4) The 'm' attribute must change to 'M' when extending a mirror created without
'--nosync' is extended with the '--nosync' option.  (See #3 examples above.)

5) An inactive mirror's sync percent cannot be determined definitively, so it
must not be allowed to skip resync.  Instead, the extend should ask the user if
they want to extend while performing a resync.
[EXAMPLE]# lvchange -an vg/lv
[EXAMPLE]# lvextend -L +5G vg/lv
  Extending 2 mirror images.
  Extending logical volume lv to 10.00 GiB
  vg/lv is not active.  Unable to get sync percent.
Do full resync of extended portion of vg/lv?  [y/n]: y
  Logical volume lv successfully resized

6) A mirror that is performing recovery (as opposed to an initial sync) - like
after a failure - is not allowed to extend with either an implicit or
explicit nosync option.  [You can simulate this with a 'corelog' mirror because
when it is reactivated, it must be recovered every time.]
[EXAMPLE]# lvcreate -m1 -L 5G -n lv vg --nosync --corelog
  WARNING: New mirror won't be synchronised. Don't read what you didn't write!
  Logical volume "lv" created
[EXAMPLE]# lvs vg
  LV   VG   Attr     LSize Pool Origin Snap%  Move Log Copy%  Convert
  lv   vg   Mwi-a-m- 5.00g                             100.00
[EXAMPLE]# lvchange -an vg/lv; lvchange -ay vg/lv; lvs vg
  LV   VG   Attr     LSize Pool Origin Snap%  Move Log Copy%  Convert
  lv   vg   Mwi-a-m- 5.00g                               0.08
[EXAMPLE]# lvextend -L +5G vg/lv
  Extending 2 mirror images.
  Extending logical volume lv to 10.00 GiB
  vg/lv cannot be extended while it is recovering.

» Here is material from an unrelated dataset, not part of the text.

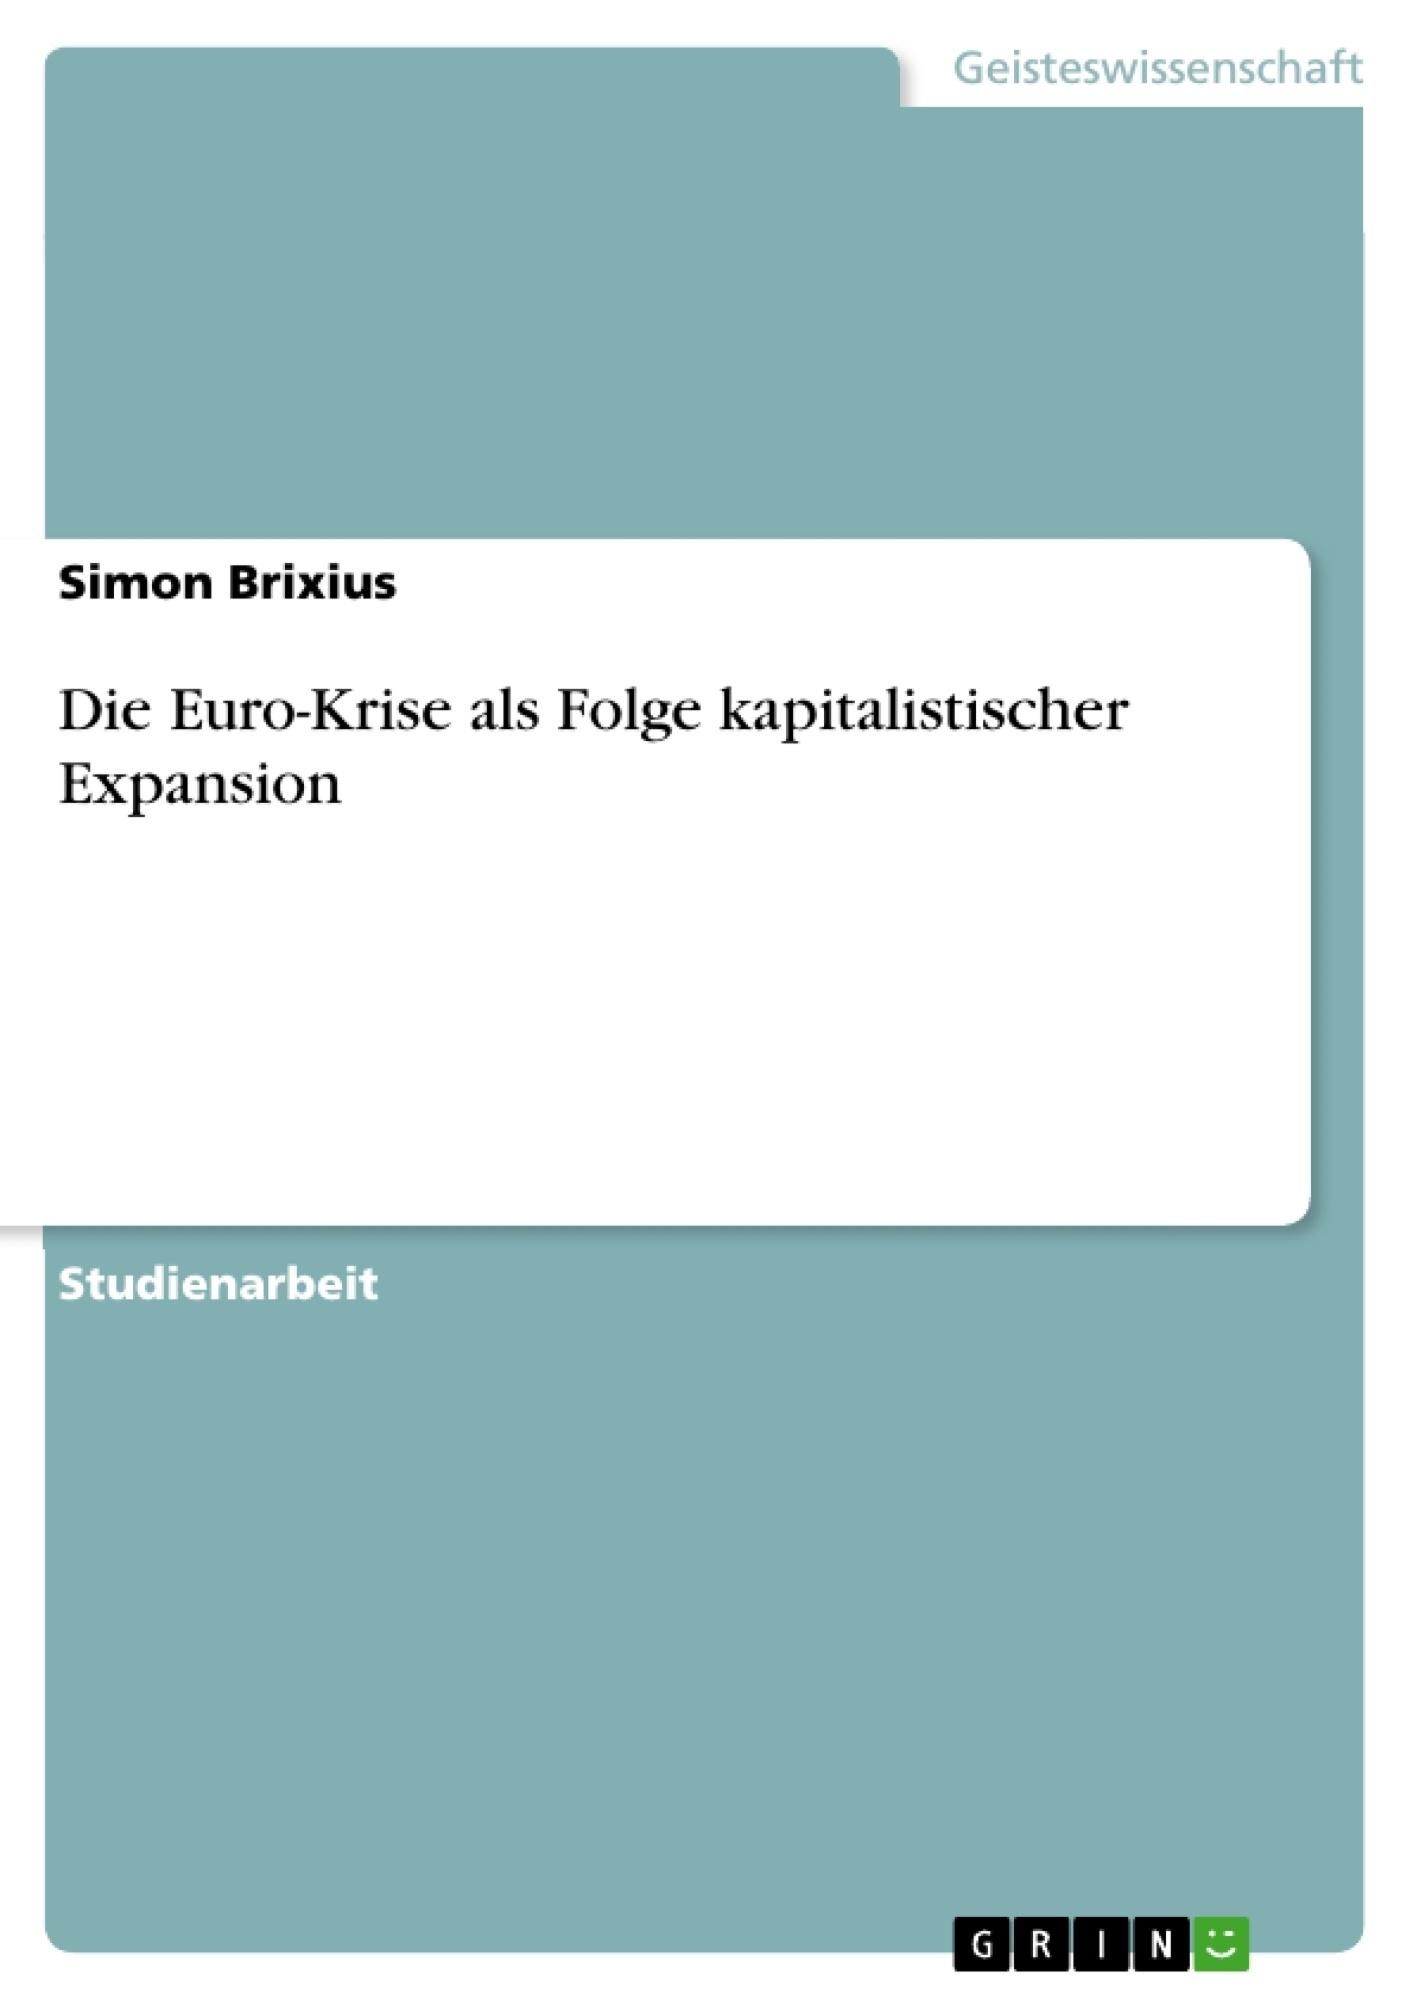 Titel: Die Euro-Krise als Folge kapitalistischer Expansion

7) If 'no' is selected in #5 or if the condition in #6 is hit, it should not
result in the mirror being resized or the 'm/M' attribute being changed.


NOTE:  A mirror created with '--nosync' behaves differently than one created
without it when performing an extension.  The former cannot be extended when
the mirror is recovering (unless in-active), while the latter can.  This is
a reasonable thing to do since recovery of a mirror doesn't take long (at
least in the case of an on-disk log) and it would cause far more time in
degraded mode if the extension w/o '--nosync' was allowed.  It might be
reasonable to add the ability to force the operation in the future.  This
should /not/ force a nosync extension, but rather force a sync'ed extension.
IOW, the user would be saying, "Yes, yes... I know recovery won't take long
and that I'll be adding significantly to the time spent in degraded mode, but
I need the extra space right now!".
2011-10-06 15:32:26 +00:00
Jonathan Earl Brassow
1986e51928 Fix splitmirror in cluster having different DM/LVM views of storage.
This patch also does some clean-up of the splitmirrors code.

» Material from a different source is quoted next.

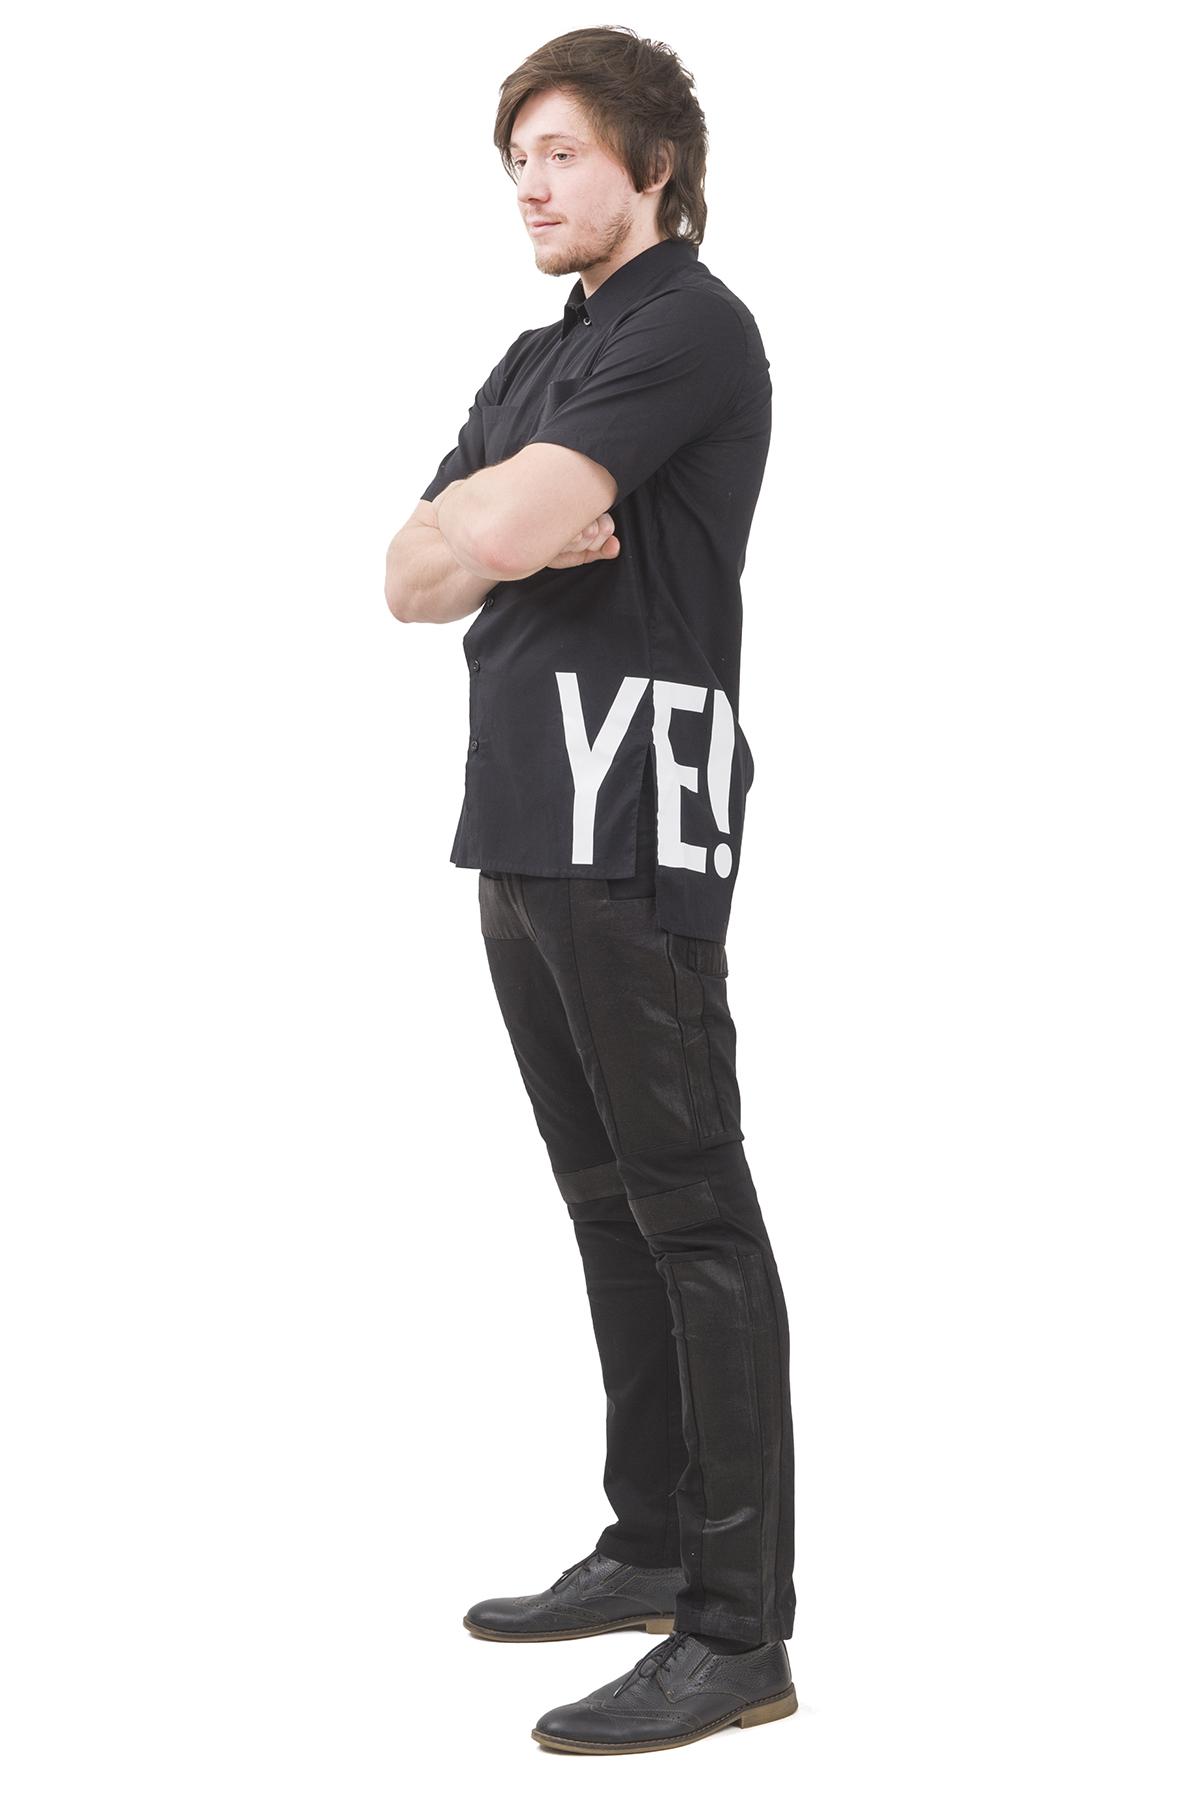 РубашкаМужские рубашки<br>Мужская рубашка бренда Pavel Yerokin выполнена из хлопкового текстиля. Детали: асимметричный низ; планка на пуговицах, два накладных кармана; сбоку принт - логотип бренда.<br><br>Цвет: черный<br>Состав: Хлопок - 100%<br>Размер: 44,46,48,50,52,54,56,58,60<br>Страна дизайна: Россия<br>Страна производства: Россия

I've attempted to clean-up the splitmirrors code to make it easier to
understand with fewer operations.  I've tried to reduce the number of
metadata operations without compromising the intermediate stages which
are necessary for easy clean-up in the even of failure.

These changes now correctly handle cluster situations - including exclusive
cluster mirrors.  Whereas before, a splitmirror operation would result in
remote nodes having LVM commands report the newly split LV with a proper
name while DM commands would report the old (pre-split) names of the device.
IOW, there was a kernel/userspace mismatch.
2011-10-06 14:55:39 +00:00
Jonathan Earl Brassow
f7235e7cb4 Revert initial solution to bug 733114 - I/O error message during splitmirror
The original commit comments can be located via this git commit ID:
	7d8e615c0b30fc2ef300c90378a51f01c328128c

There were three possible solutions to the original problem proposed in the
initial check-in.  The one chosen was as follows:
    2) Do like _remove_mirror_images does and suspend the original, then suspend
    the sub-lv (the error target), then resume the sub-lv, and finally resume the
    original LV.  This seems like extra pointless operations to me, but it doesn't
    produce the error message (although, I'm not sure why) and it allows us to
    leave the visible flag in place.
Turns out, the cluster also views the extra suspend/resume operations as
pointless too and ignores them.  So, this solution doesn't work in a cluster.
Further, I've noticed that in addition to the remote cluster nodes still getting
I/O errors from scanning the error target, they also have a different LVM and
DM views of the same LV.  IOW, while the LVM level (gotten from the LVM metadata)
sees the correct name for the newly split LV, device-mapper still maintains the
old names.

Because the original fix failed to completely fix the problem (or work-around it)
and because a better solution must be found to address the additional cluster
issue of device renaming, I am reverting the above mentioned commit.
2011-10-06 14:49:16 +00:00